My only fear is that the variety of subject matter will turn people off. Well it can’t be worse than not posting at all, right? I’ll make judicious use of tags / categories and if I do find a Voice in all of this, I can adjust later. But the goal for now is to write — two per week, come hell or high water.

Two Programmers, One Medium

October 18, 2007

Alan Cooper has published and excellent article on why the results of software projects are so unpredictable. His point is that there are two types of programmers — design engineers who like to design elegant solutions to problems and production engineers who want to develop code that is rock solid and able to be used by the wider public.

The problem, as Cooper sees it, is that both ‘engineers’ use the same medium for expression — source code. This is different than other disciplines, like bridge building, where designers use paper and computers and production folk use iron, bricks, concrete, etc. When you use the same medium it’s tough to differentiate whether you’re doing design or production work, which leads to problems.

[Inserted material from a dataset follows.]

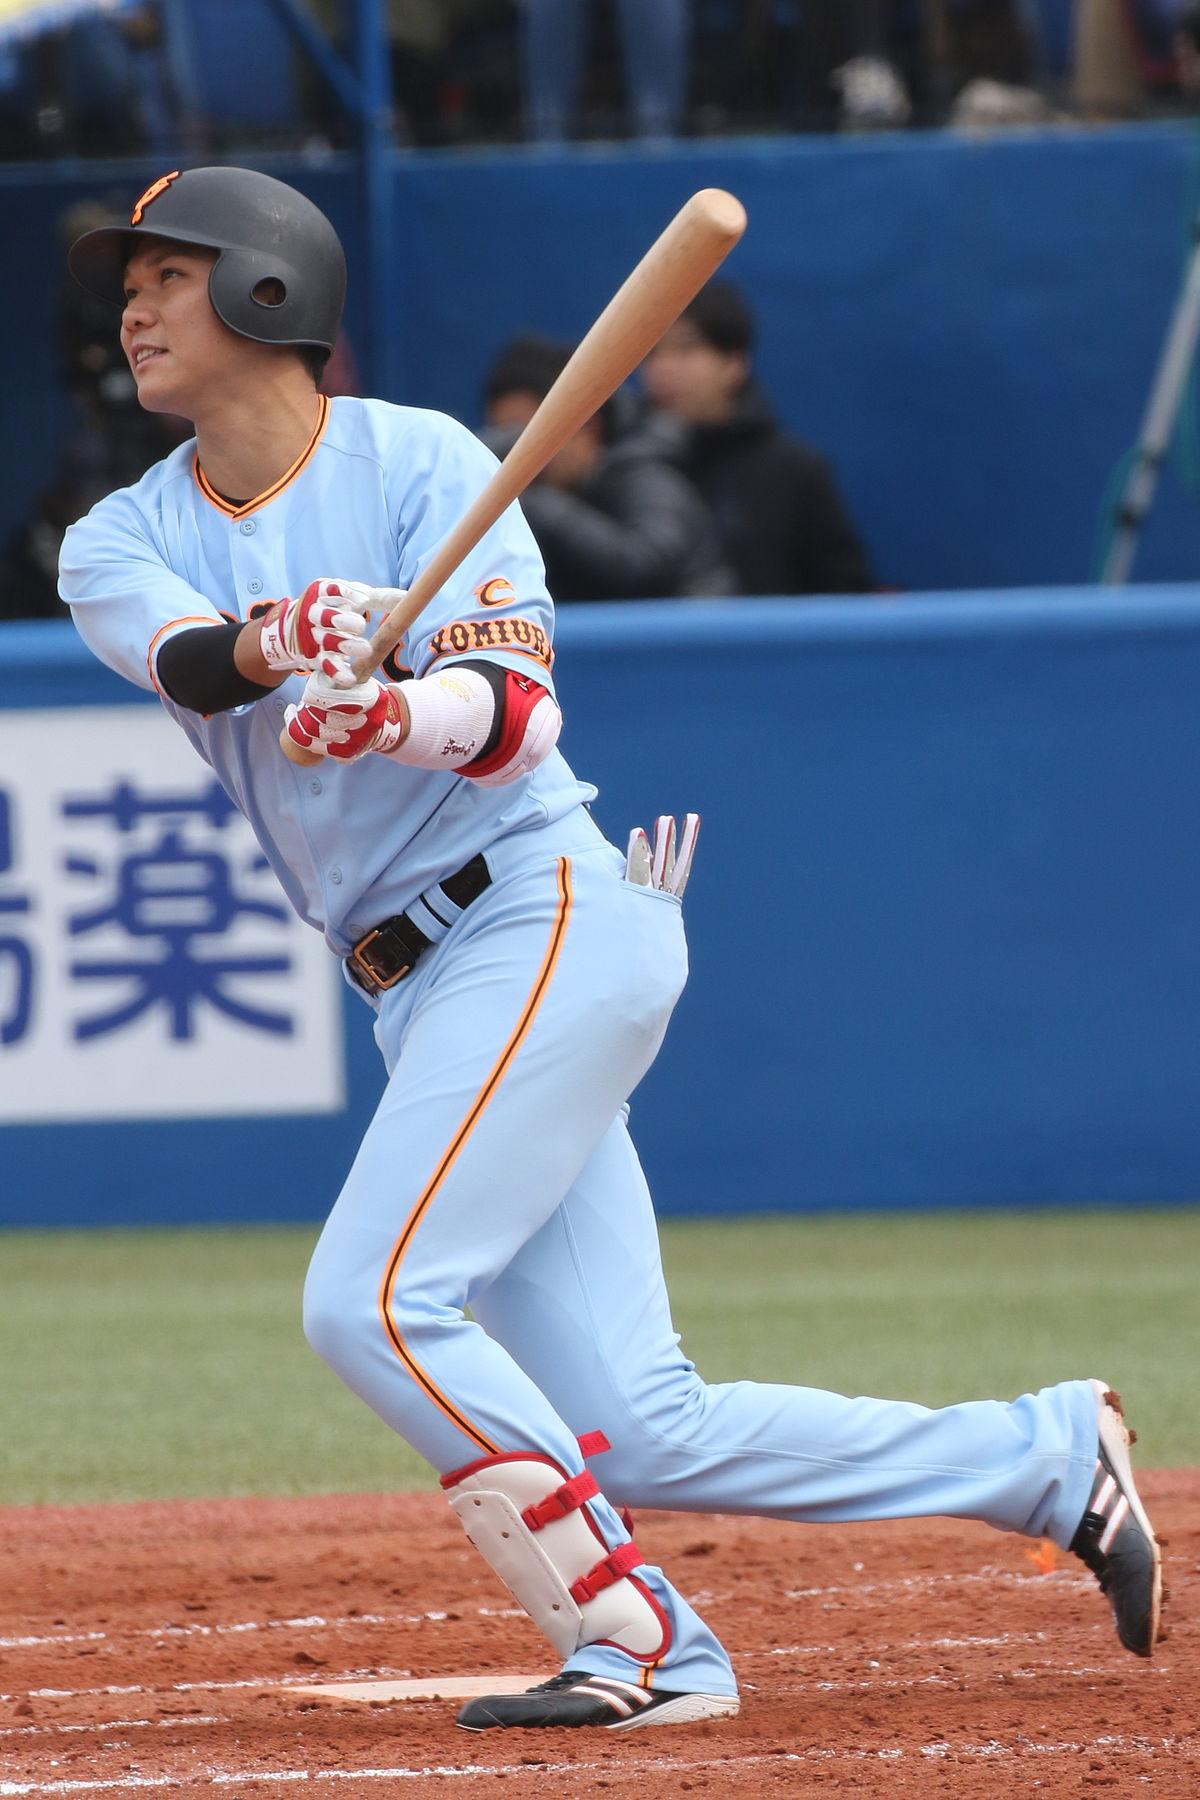 坂本勇人 - Wikipedia

The article is part 1 of 2, so I hope part 2 talks about how to better split up the roles, because I think he’s made a really good point. I’ve certainly been in situations when we thought we were done the ‘production engineering’ when in reality we had only really completed the design (in working code form.) We just launched it anyway and were surprised when the results were less than expected.

If any Agile Programmers are reading this — how does Cooper’s article line up with your experience?

Bakery site is up!

September 29, 2007

Wow, lots of work lately in getting the oven up to speed and the loaves turning out on a semi-regular basis. I’ve set up a web site for the bakery to share what we’re doing, what bread is available, etc. Check it out!